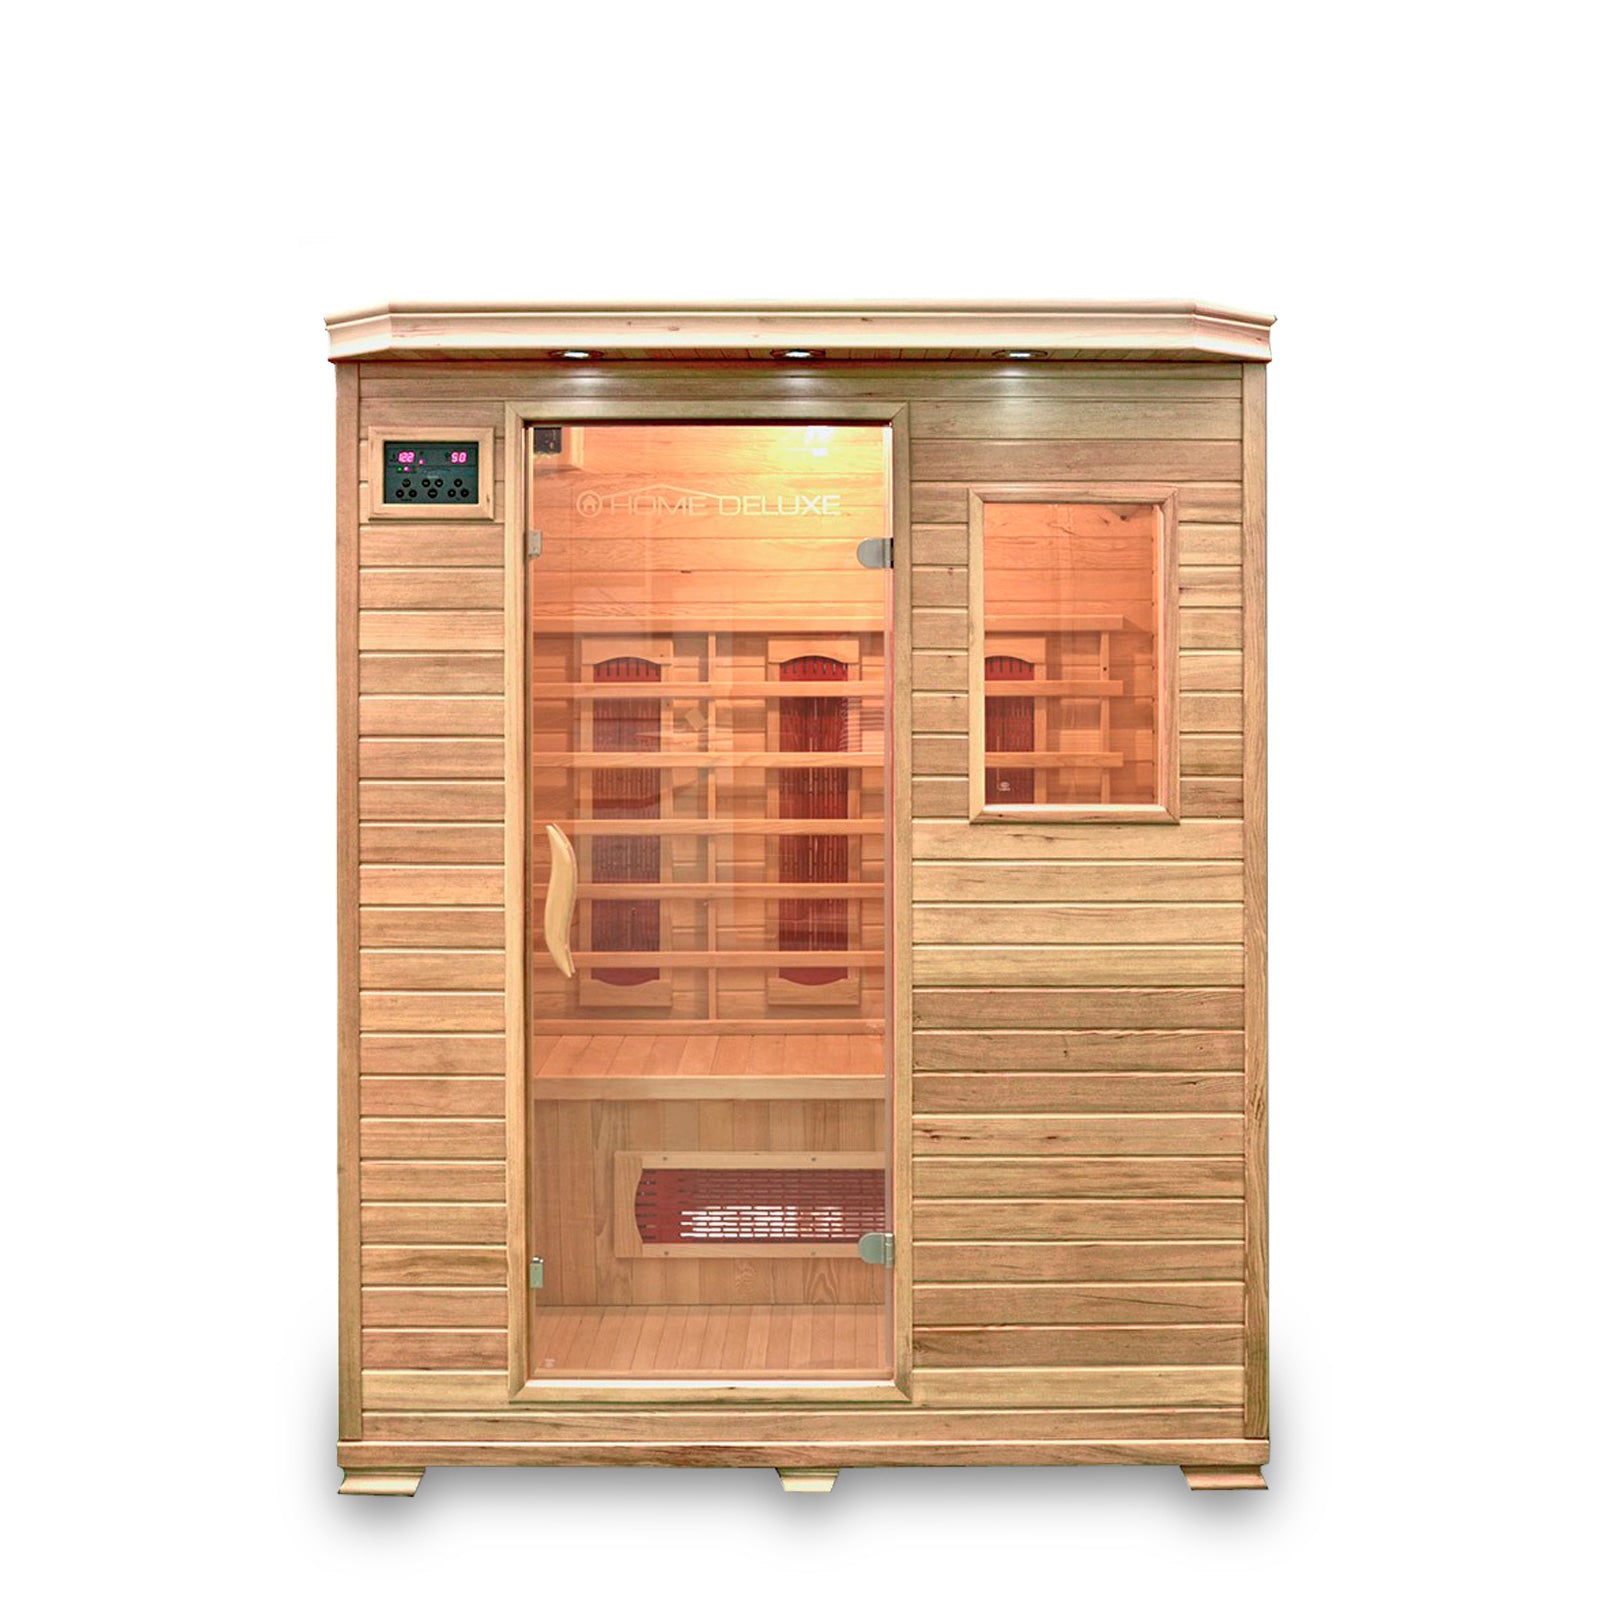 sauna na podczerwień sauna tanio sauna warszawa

* * *

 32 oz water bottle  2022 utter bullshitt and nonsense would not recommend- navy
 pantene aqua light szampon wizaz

---

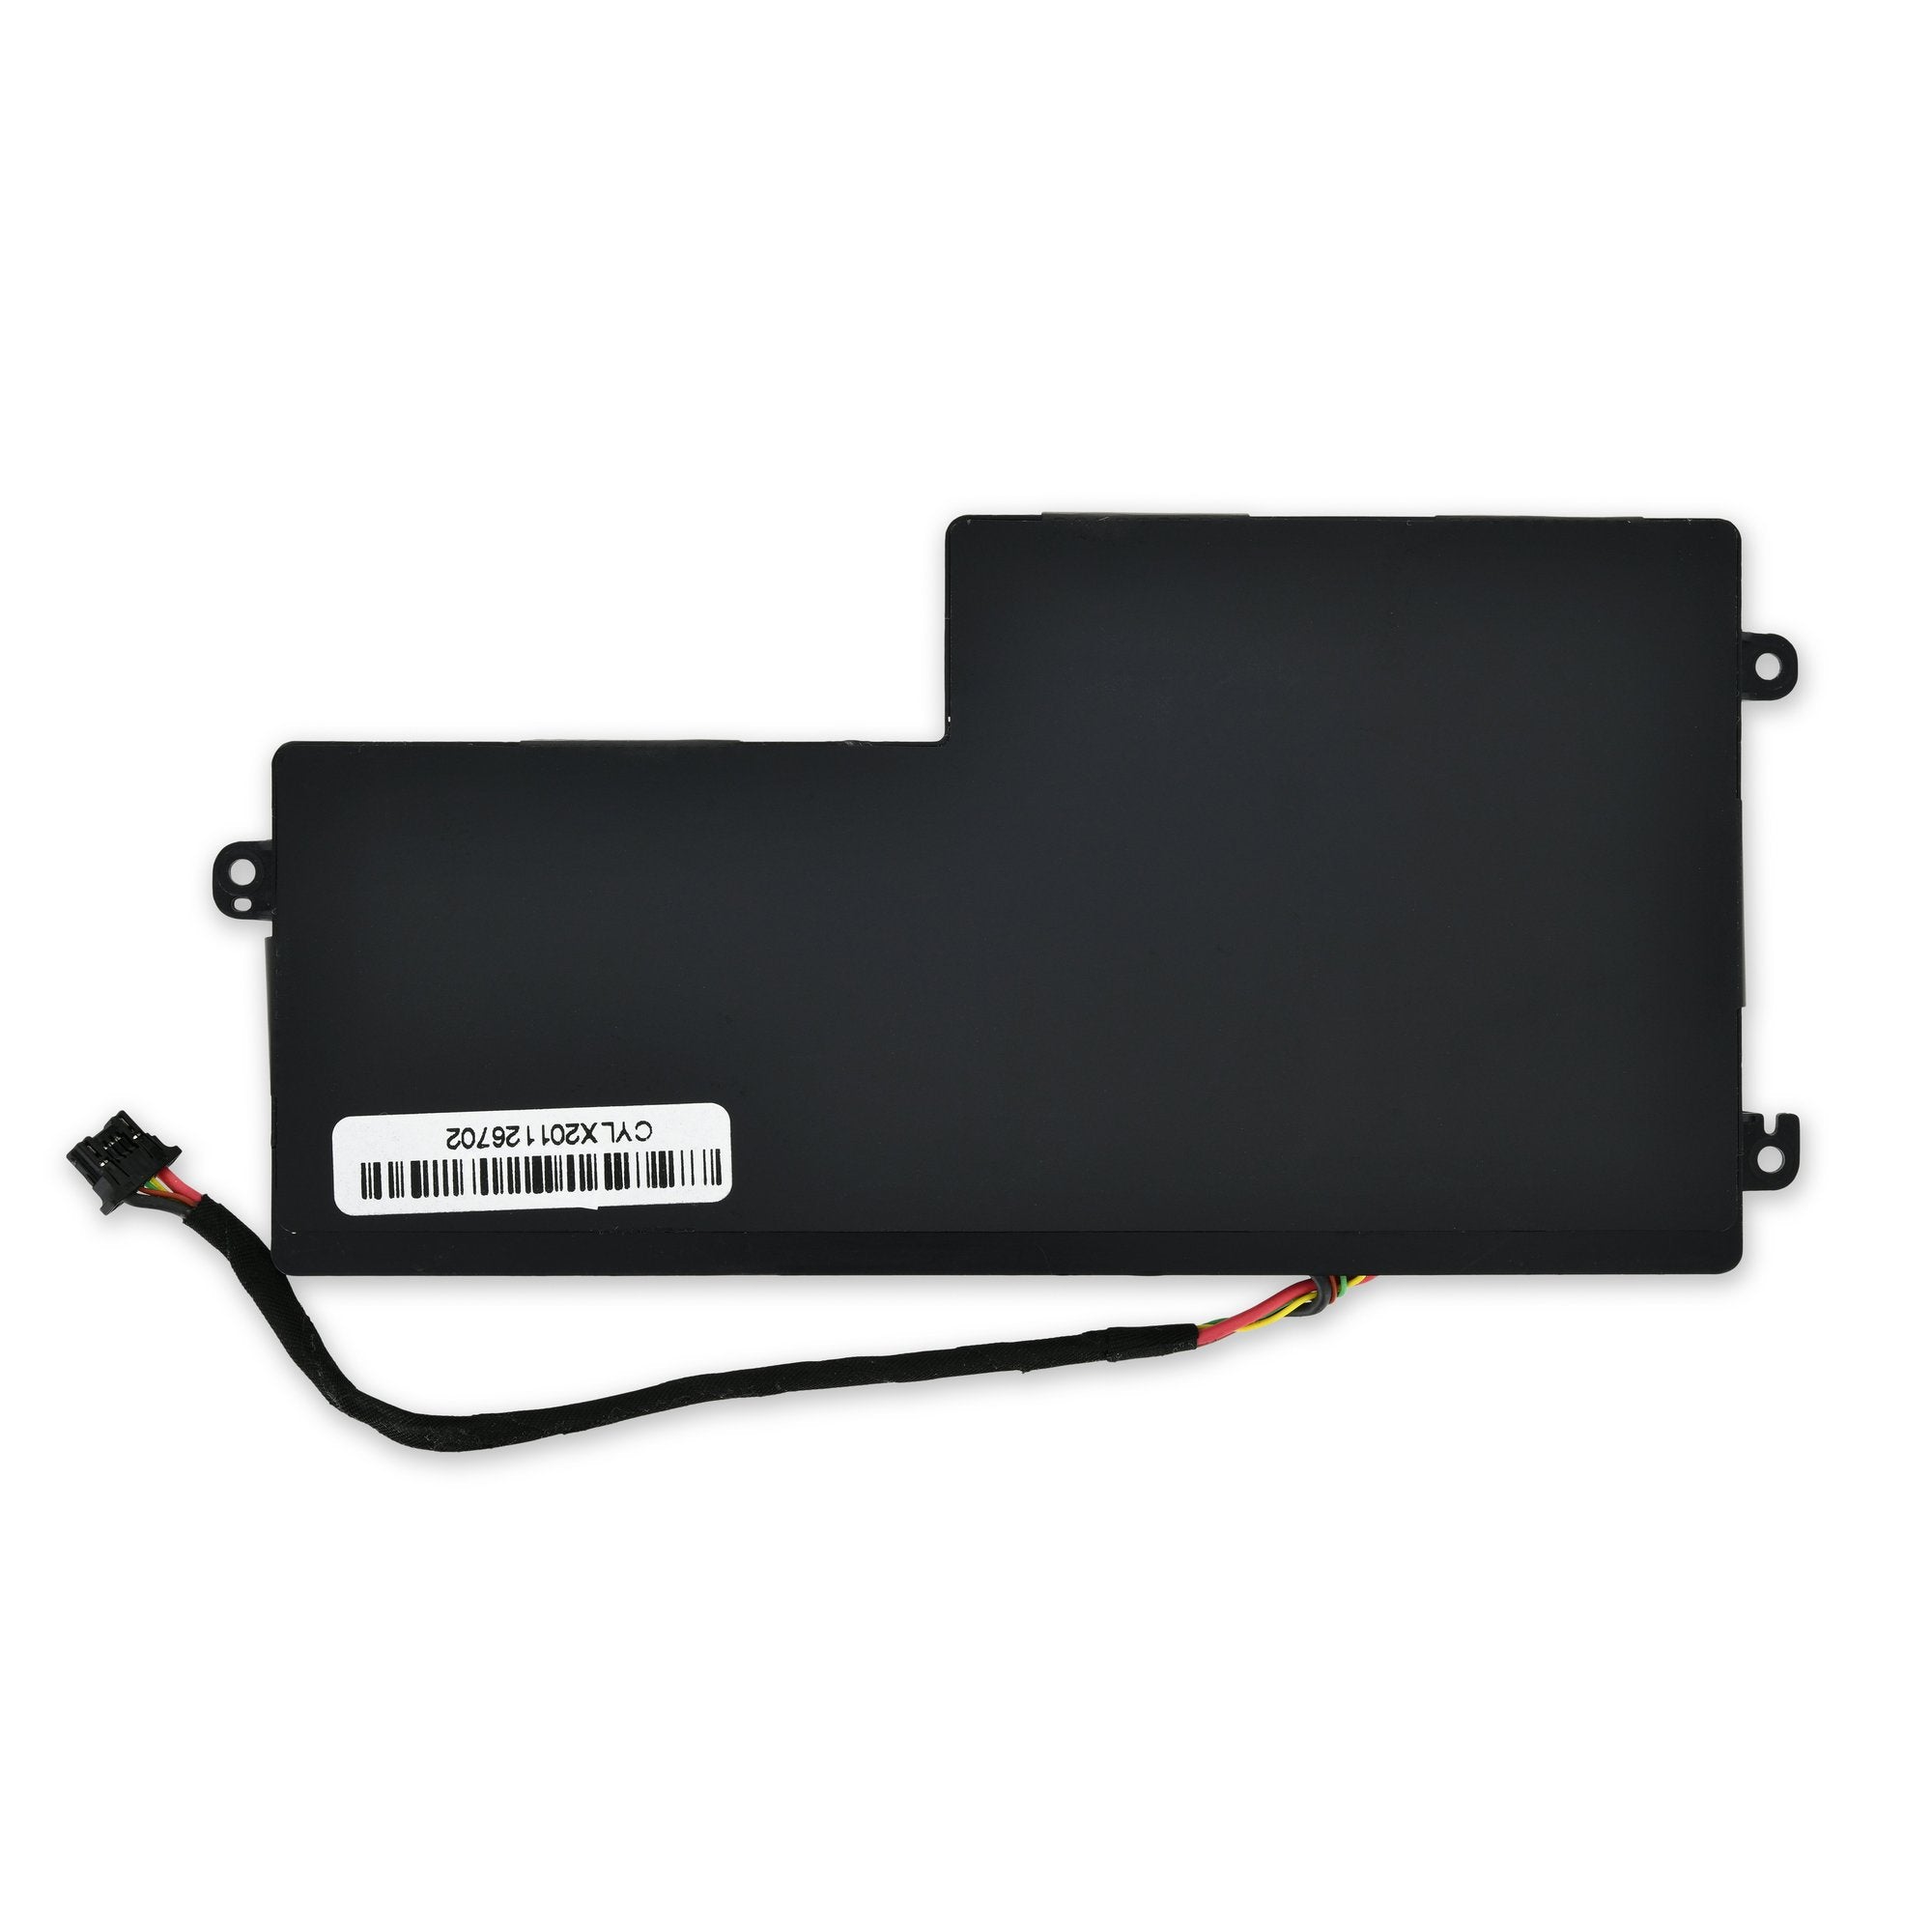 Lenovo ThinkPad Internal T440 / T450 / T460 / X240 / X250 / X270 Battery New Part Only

§ INSTRUCTIONS TO FOLLOW
Working from the material above, retype exactly the lines from the one with "32 oz water" through the one with "pantene aqua light szampon wizaz", both included, and only those lines.

§ RESPONSE
 32 oz water bottle  2022 utter bullshitt and nonsense would not recommend- navy
 pantene aqua light szampon wizaz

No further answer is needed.